Fundamentally, though, that's not what we set out to create.

We set out to create that feeling - in my case, in the mid-90s, lugging my PC over to a friend's house, playing in a LAN party all night, thinking that I was real good at whatever I was playing back then, which I want to say was Unreal? Maybe I started with Doom originally, then maybe Quake, then Unreal. You know, kind of thinking that you were s**t-hot all the way until you managed to connect to someone else over the internet and then were like, whoa, whoa, whoa, there are other really good players. As it turned out, I was really not s**t-hot at all, but it took me a while to realize that.

But the point is, we want to create an enjoyable, fun experience to play at every level. We don't want to confuse competitively-viable skill sets with being able to have fun at the game. The way we think about it is like, we take a sport like soccer. It's super fun to kick a ball with friends in your backyard, you can play some amateur ball, you can play in a professional league and watch the world championships, right? It's fun, it's the same game, it's equally fun, it's reasonably accessible, you can learn how to kick a ball.

Here, you have a phone, everyone has a phone, and you can play this game on any device you have. It's a thing you can do instead of playing a board game, or playing cards, or playing something else would do around the table. We want you to have fun in your own skill tier in a way that's fun. Helping guide people to that point where they have a lot of fun with the game with friends is, to us, really the game.

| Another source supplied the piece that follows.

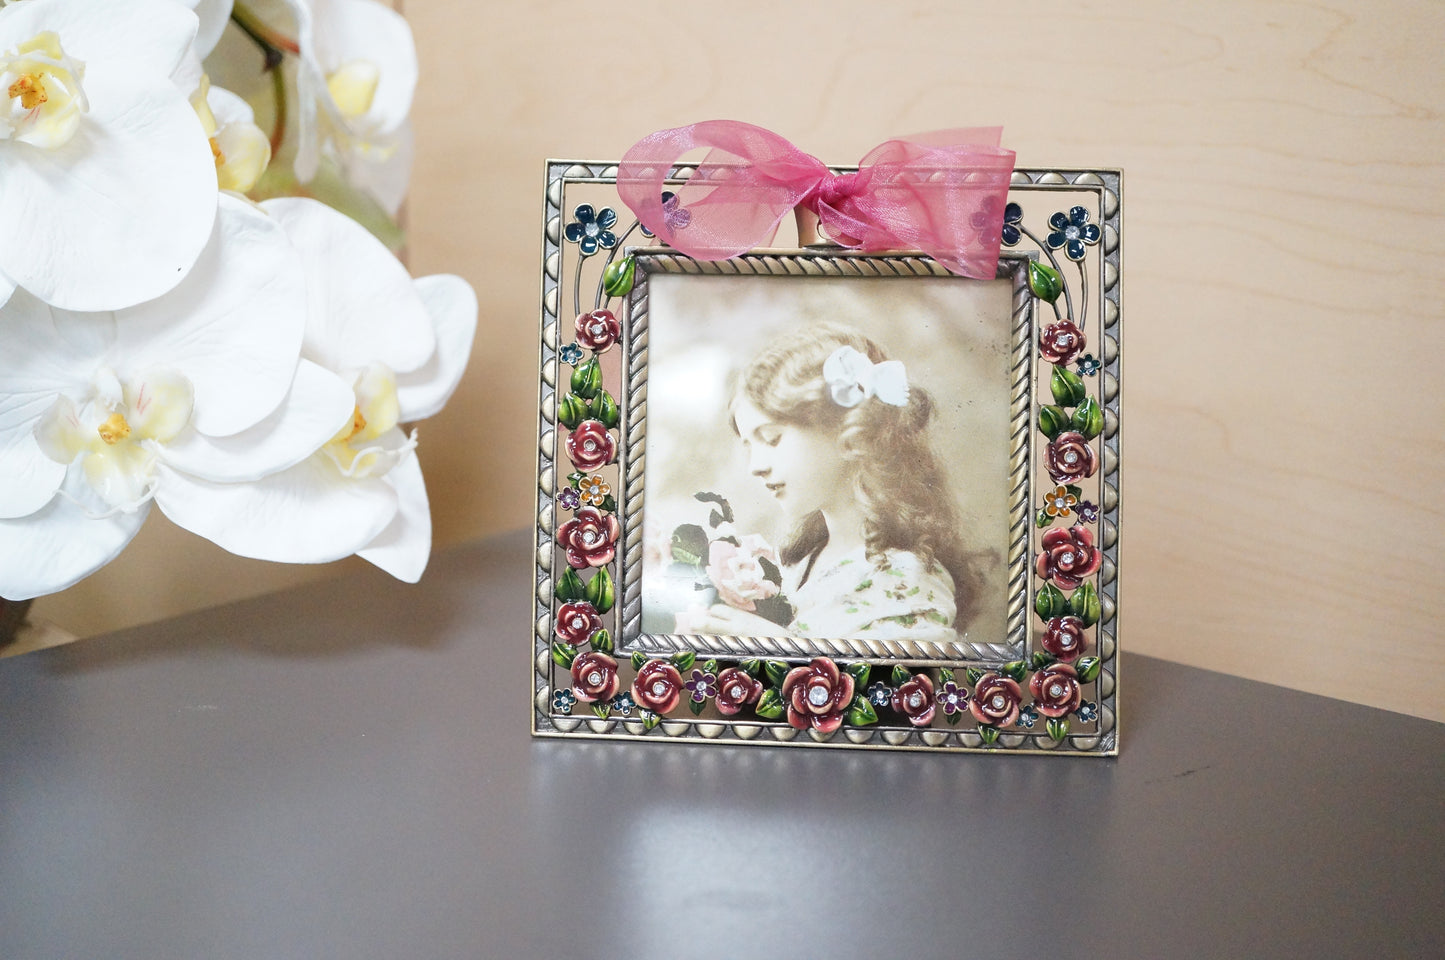 Vintage Floral Ornate Square Free Standing Desk Photo Frame 3.25"x3.25"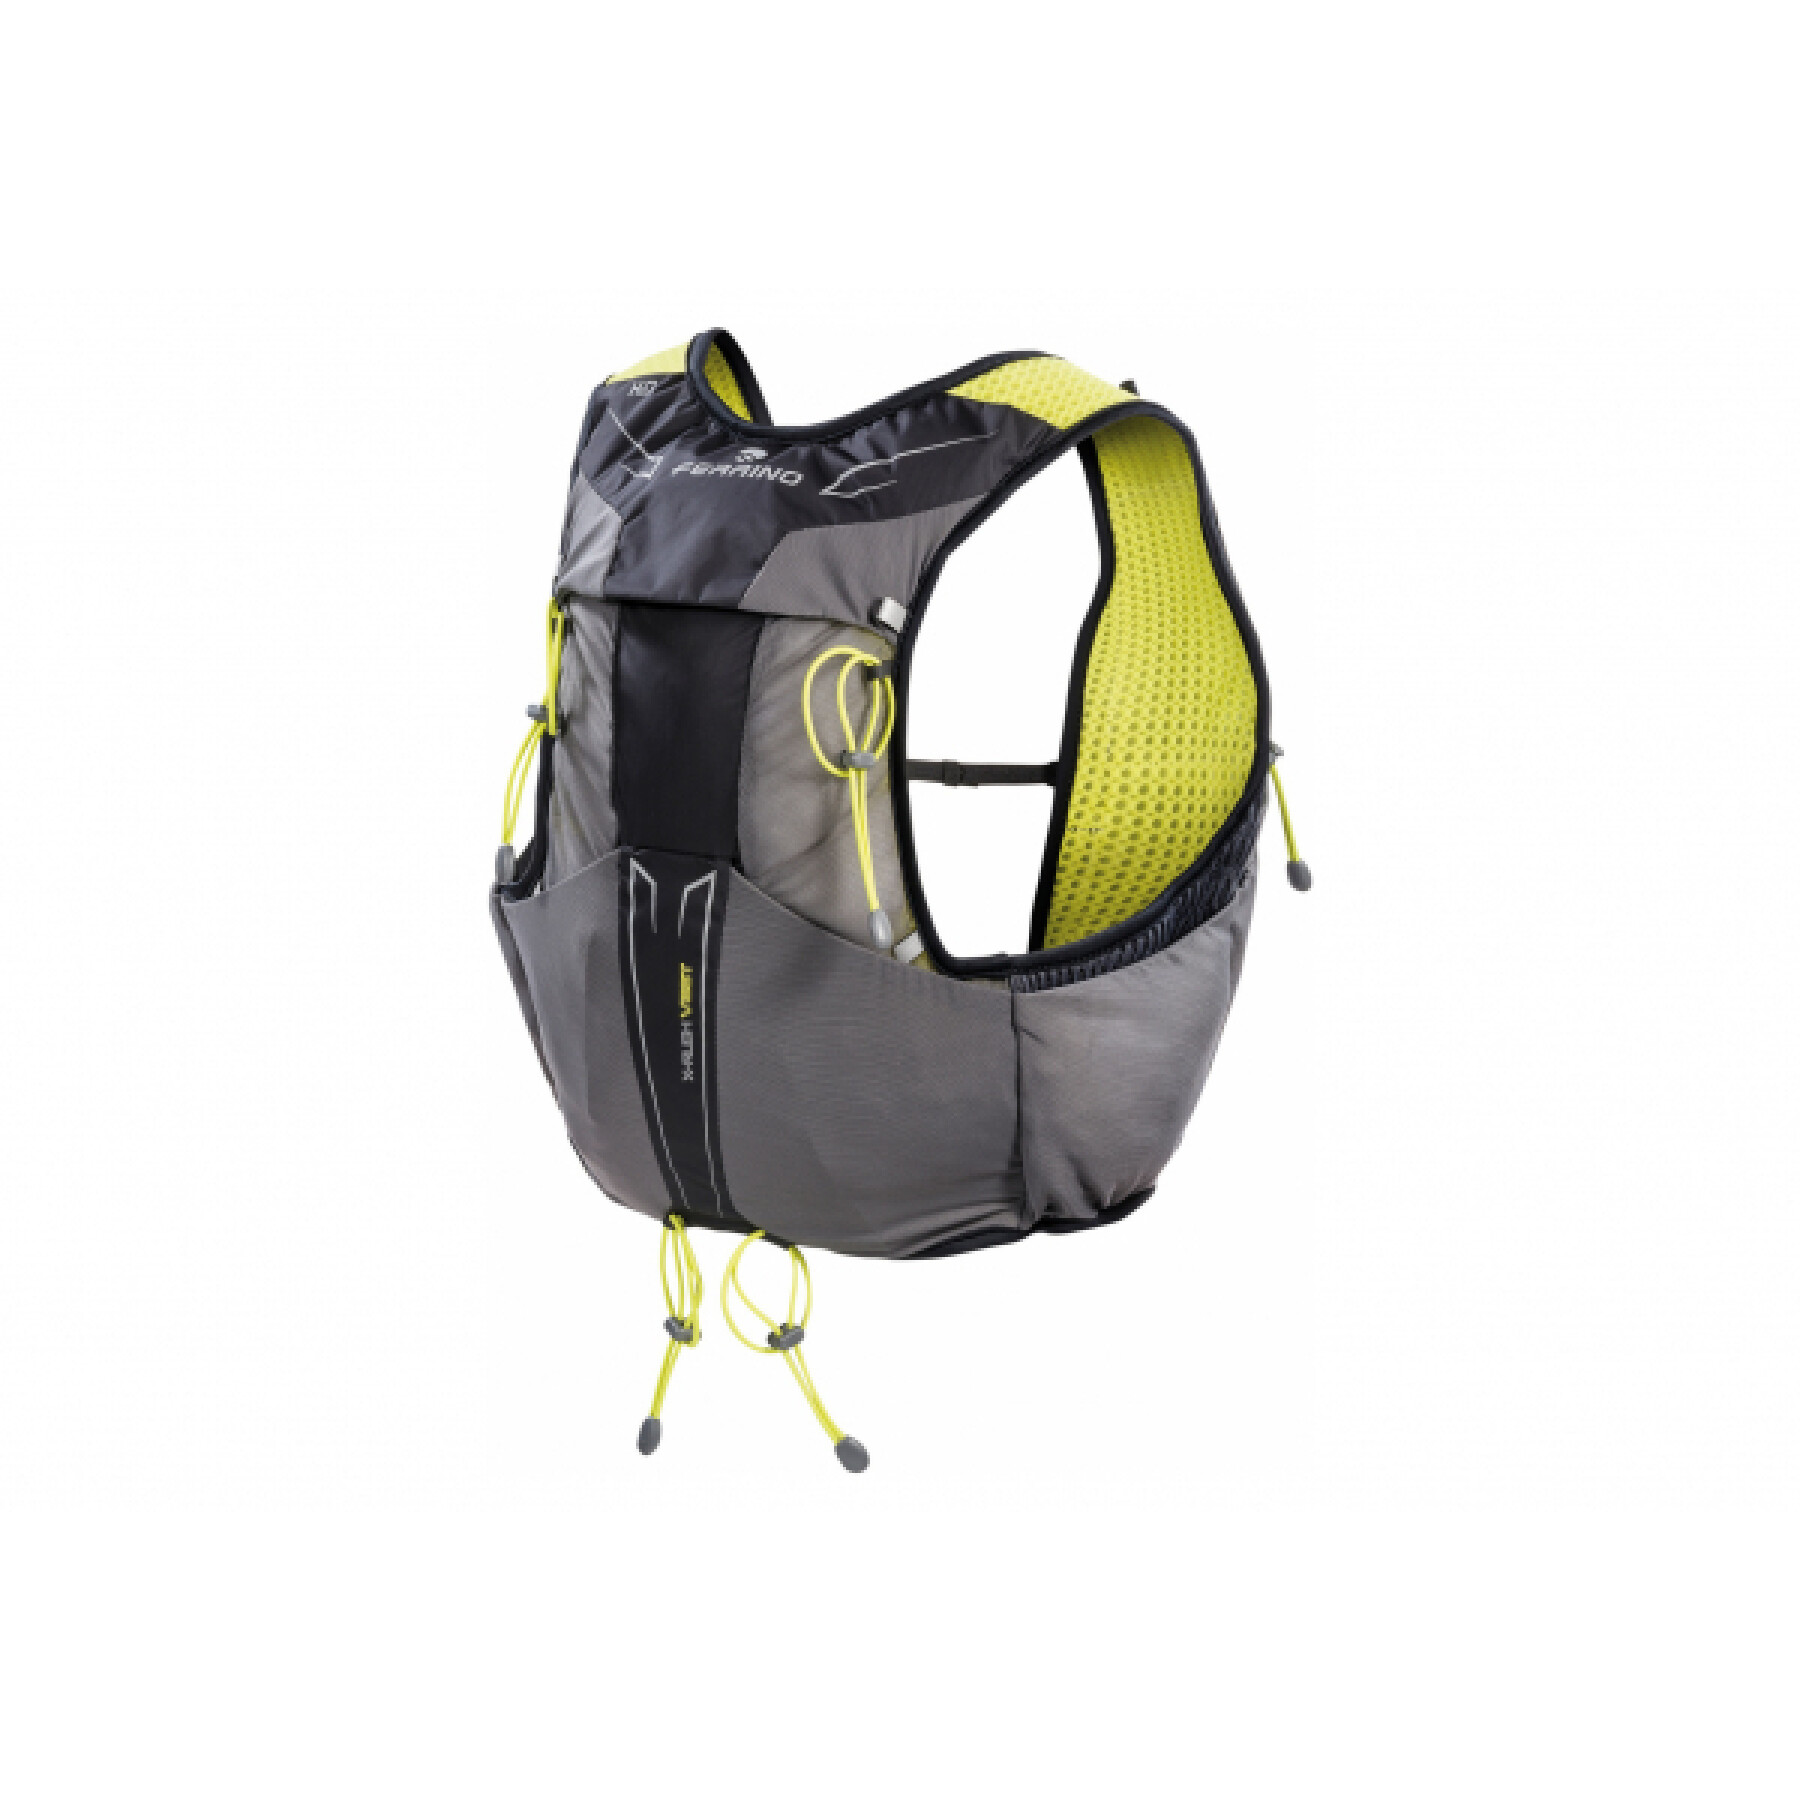 Backpack Ferrino X-rush

We want to take it to the point where, for us, gaming played a really important role growing up as a thing that really brought us together with friends. There was a certain connection where you'd play all night and then have to go to school in the morning with those same friends and deeper friendships. Being able to create a game that plays that kind of a role was important to us.

The esports angle, it's so overhyped these days. We're part of it, it's great that it exists, and we're super excited about the [Vainglory esports teams] TSMs and Tribes and Fnatics of the world, and other Vainglory teams, and excited about those partnerships like the Razer partnership and now the ESP partnership... it is, to us, a litmus test. If we do our job correctly creating a super fun game, then that emerges, as opposed to trying to make that. We don't know that that's even possible, we just want to create a super fun game for the community.

 

Vainglory is available on iOS and Android. The 5v5 update went live today.